The source code is thoroughly studied and it is found that the failure of power loss in the spare zone cannot be recovered. The spare zone tag information self-check part. The yaffs_gettagsfromspare () function reads tag information from the spare zone, call yaffs_checkeccontags () to check the tag information. However, the original code only corrects the spare of an ECC verification error and returns the}-layer function. The upper-layer function only records the number of fag errors, it is not processed. Therefore, when spare IX powers down. unrecoverable errors may occur.

Modify the return type of the yaffs_gettagsfromspare () function to int to return ECC verification error messages in the spare region when yaffs_checkeccontags () returns a tag validation error, yaffs_Get-TagsFromSpare () when the function returns this error to the place where the function is called, modify it accordingly: When an error occurs in the spare ECC, call yaffs_deletechunk (), delete this page because the spare error caused by power failure cannot be recovered. After modification, the page runs well.

Conclusion

The yaffs file system is designed specifically for nand flash memory, which makes the low-cost nand flash memory chip highly efficient and robust. However, there are still problems with the performance of the yaffs file system, this is not fully applicable to performance-demanding embedded systems. This paper tests two important indicators: Uniform loss and power-down recovery in the yaffs file system, and provides the test results, based on some problems existing in the testing process, the improvement scheme is put forward.

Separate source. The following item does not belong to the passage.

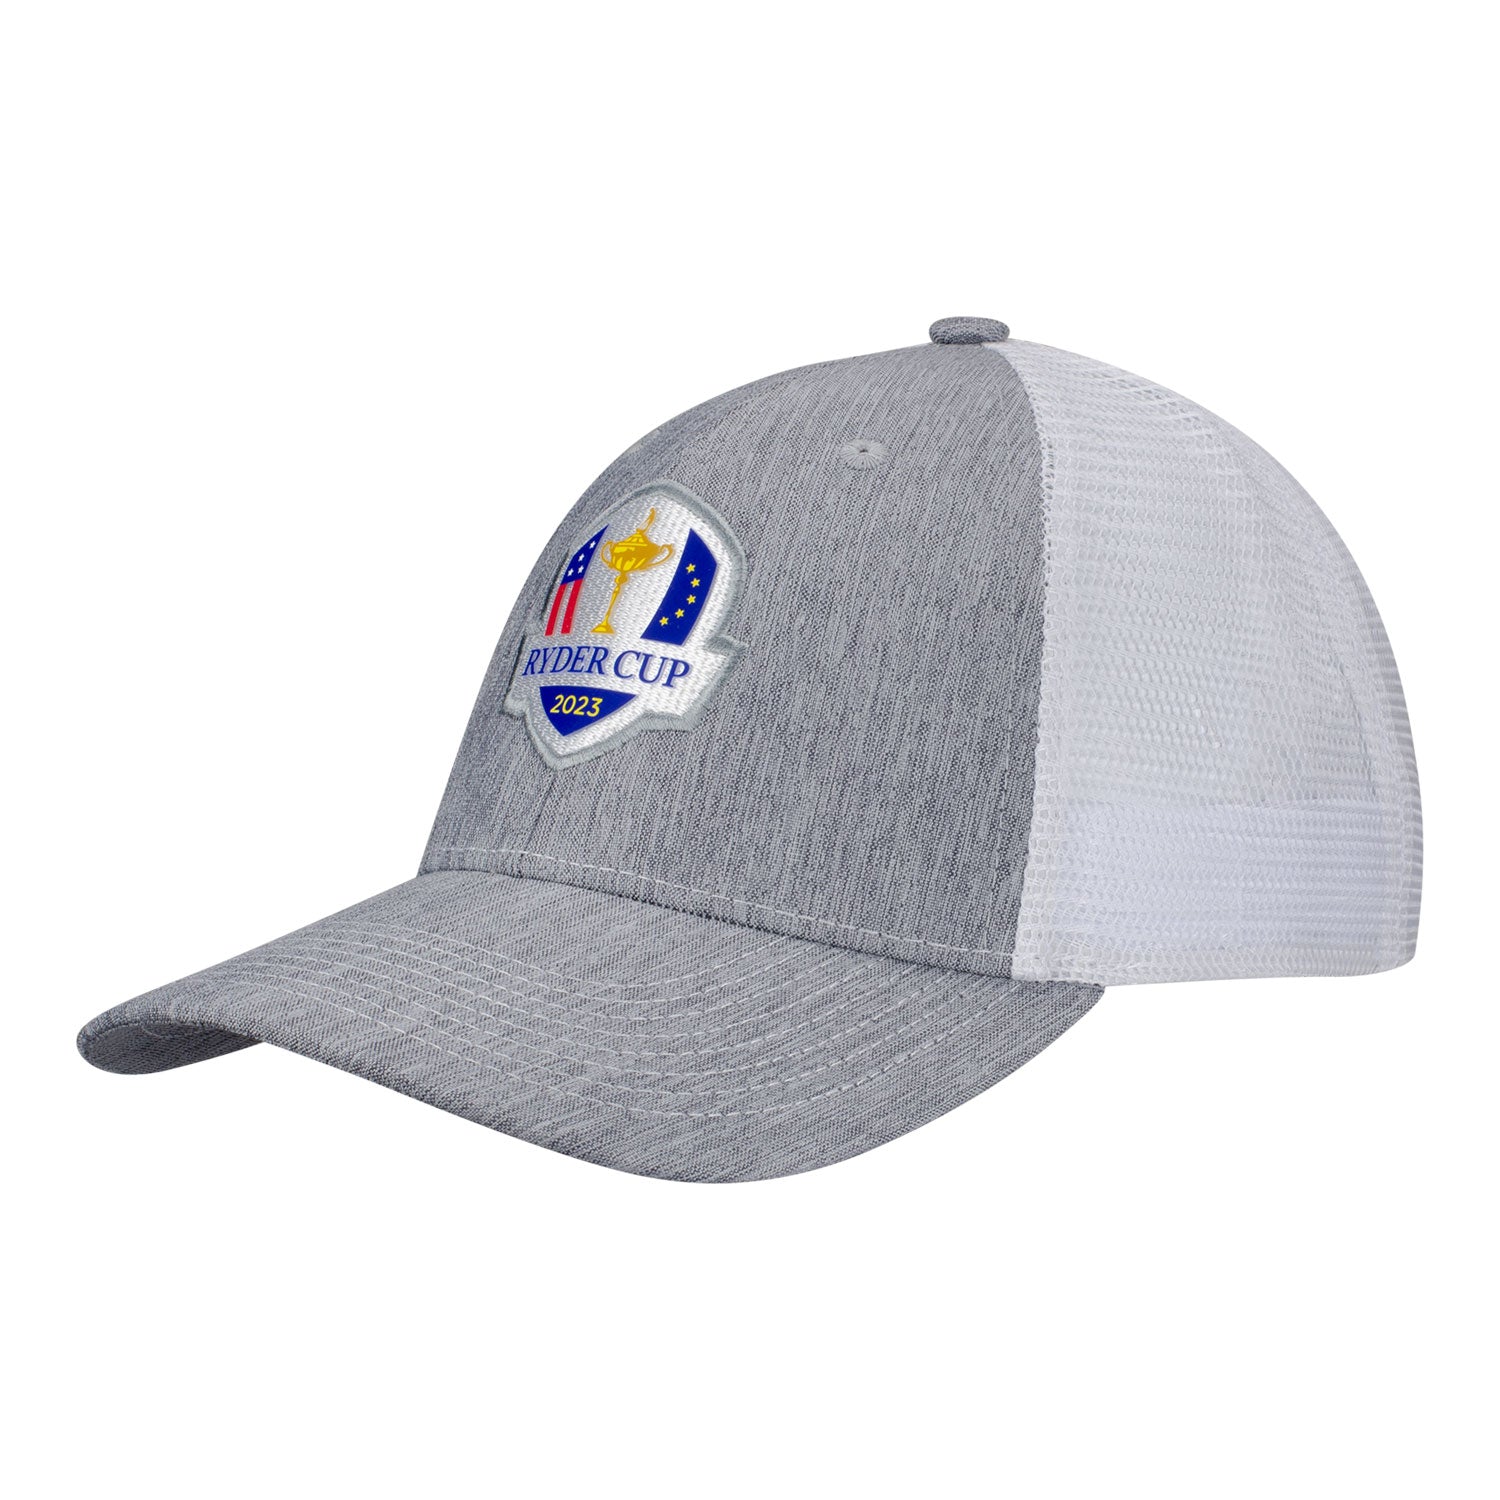 Ahead 2023 Ryder Cup Hat in Grey & White- Front View

The actual tests show that the system can be significantly improved after the improvement and can adapt to more application environments.

Contact Us

The content source of this page is from Internet, which doesn't represent Alibaba Cloud's opinion; products and services mentioned on that page don't have any relationship with Alibaba Cloud. If the content of the page makes you feel confusing, please write us an email, we will handle the problem within 5 days after receiving your email.

If you find any instances of plagiarism from the community, please send an email to: info-contact@alibabacloud.com and provide relevant evidence. A staff member will contact you within 5 working days.

A Free Trial That Lets You Build Big!

Start building with 50+ products and up to 12 months usage for Elastic Compute Service

  • Sales Support

    1 on 1 presale consultation

  • After-Sales Support

    24/7 Technical Support 6 Free Tickets per Quarter Faster Response

  • Alibaba Cloud offers highly flexible support services tailored to meet your exact needs.